La possibile collaborazione con la Ue e l’Italia
Secondo gli analisti del Team di Clal, “le notevoli importazioni di prodotti lattiero caseari e, in particolare, di latte confezionato, testimoniano probabilmente una carenza interna cinese di organizzazione produttiva e logistica”.
Che cosa significa? Che “è lontana l’autosufficienza e, dunque, ci sono margini ulteriori di crescita in chiave commerciale anche per l’Italia e l’Unione europea e, allo stesso tempo, è possibile pensare a costruire un ponte con la Repubblica Popolare Cinese anche per sostenere un percorso di crescita, di innovazione, di diffusione del know how europeo, dove in particolare la sicurezza alimentare è uno degli elementi di forza.
Nel caso dell’Italia la strada potrebbe essere agevolata dalle recenti visite istituzionali a Pechino del ministro degli Esteri Luigi Di Maio e dall’alleanza italo-cinese siglata nei mesi scorsi col progetto per la Via della Seta.
Resta ancora irrisolto il nodo legato ai formaggi. Le importazioni cinesi di formaggio – evidenzia il Team di Clal - vanno a rilento. “Servirebbe una strategia europea per farlo conoscere, raccontando storia, cultura, caratteristiche e modalità di consumo, con un a task force comunitaria, aggregata, non lasciata alle iniziative sparse dei singoli. Serve una strategia di grande impatto”.
E gli investimenti non mancano
La Cina sta vivendo una fase in cui il fabbisogno di latte è in crescita e la produzione locale non riesce sicuramente a soddisfare la domanda interna.
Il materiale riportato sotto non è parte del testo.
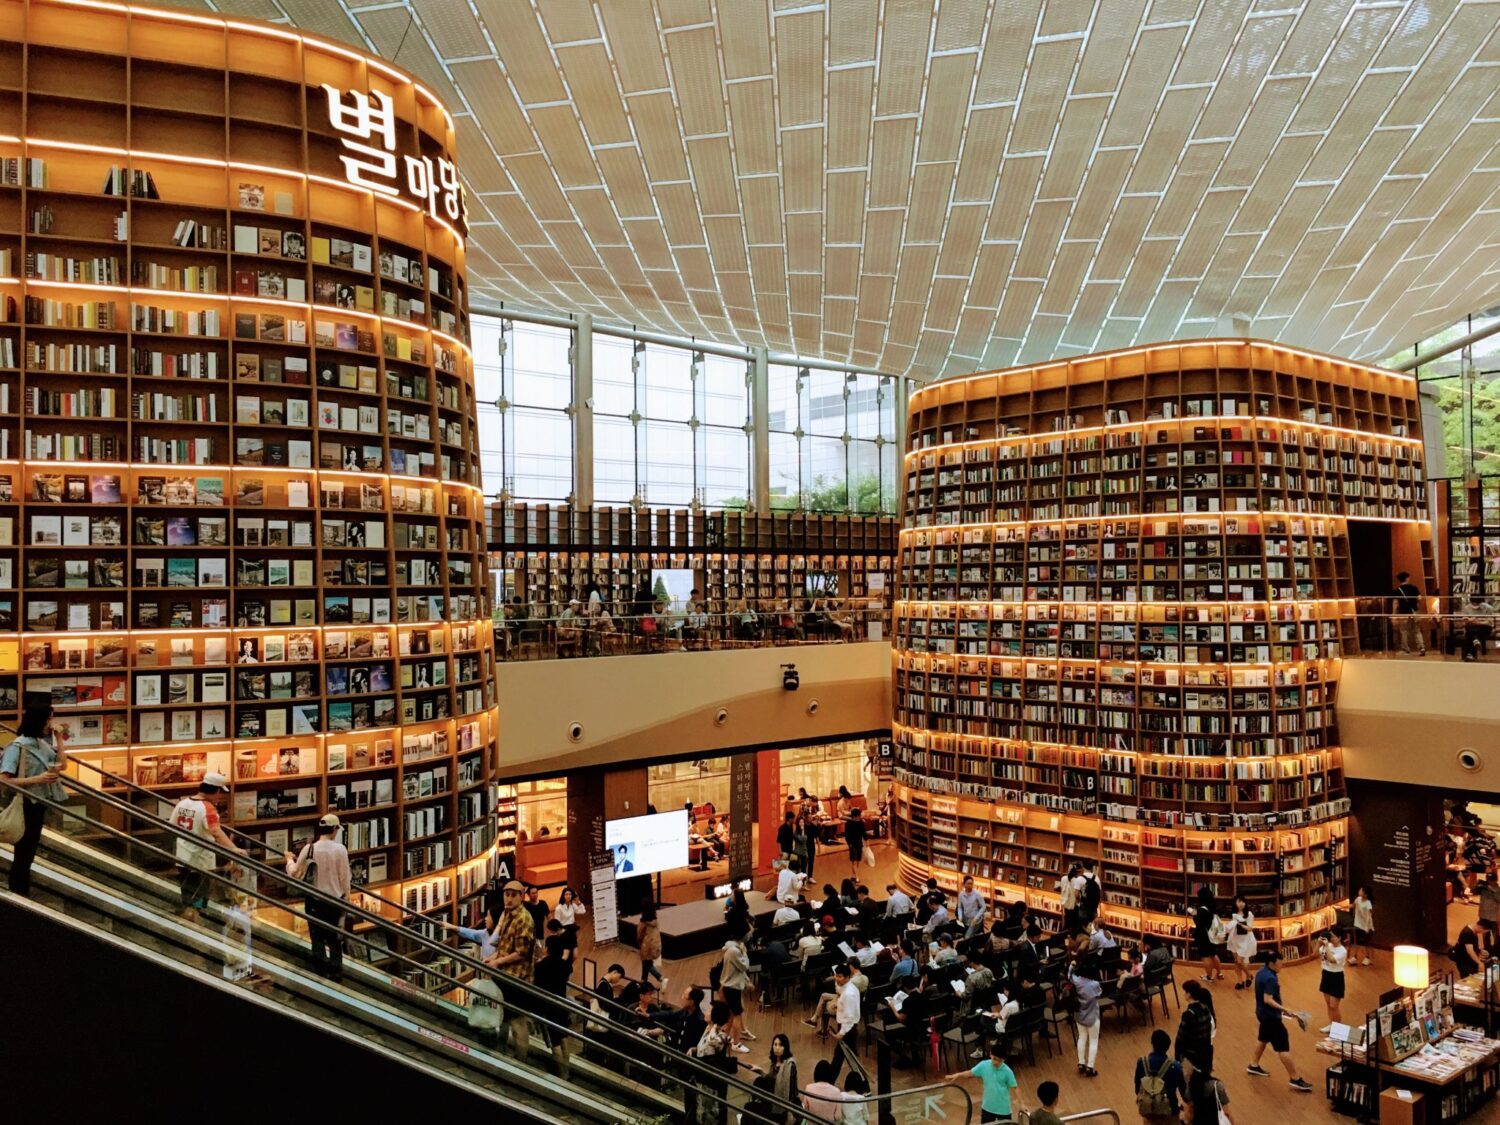 starfield library in seoul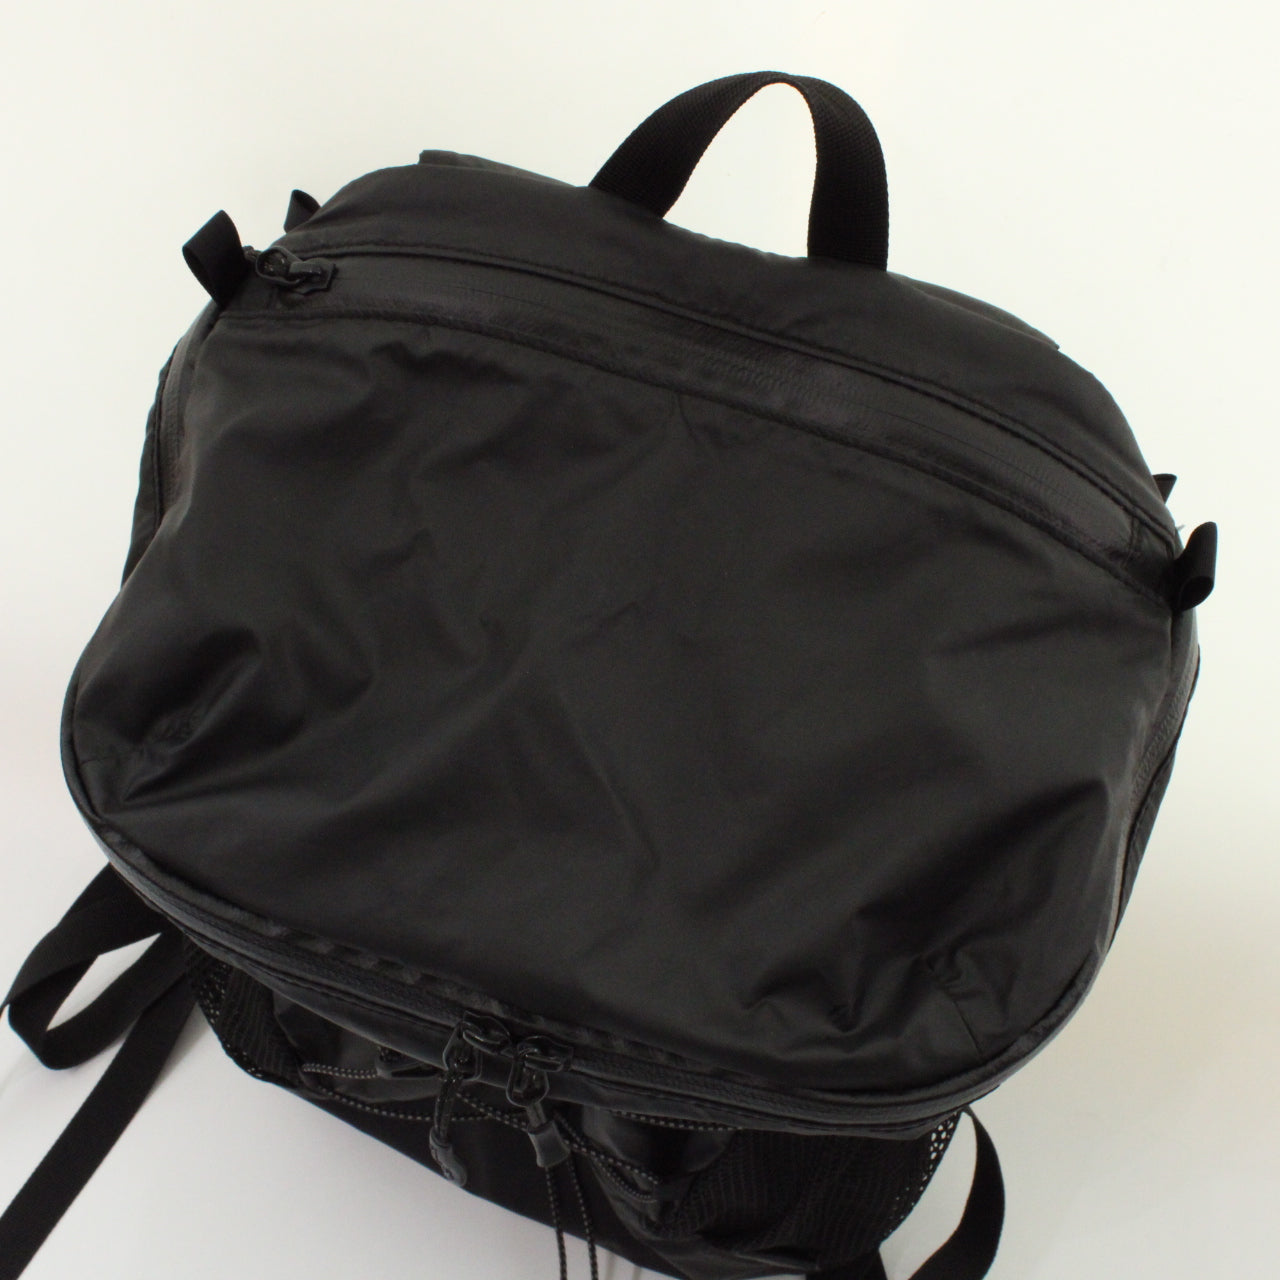 Active Field Light Backpack

Da qui, appunto, le importazioni massicce.
Eppure, gli investimenti e le grandi manovre sul territorio non mancano. Recentemente il gruppo Mengniu – gigante del settore, quotato sul listino borsistico di Hong Kong - ha investito 700 milioni di euro per realizzare un’azienda agricola e una fabbrica per la lavorazione del latte a Jaozuo, nella Cina centro-orientale.
Allo stesso tempo, Mengniu ha raggiunto un accordo con la Fondazione Penghai (sostenuta dal governo provinciale di Hebei) e con Junqian Management per la vendita delle sue azioni a Junlebao. Oggetto dell’intesa sono impianti produttivi per la realizzazione di latte per l’infanzia e yogurt.
In forte fase espansiva, la Junlebao ha varato la costruzione di un impianto di latte in polvere, che dovrebbe essere completata alla fine del 2020 ed è stato inserito fra i progetti chiave del territorio di Hebei. A regime l’impianto dovrebbe arrivare a produrre 50.000 tonnellate di latte in polvere all’anno.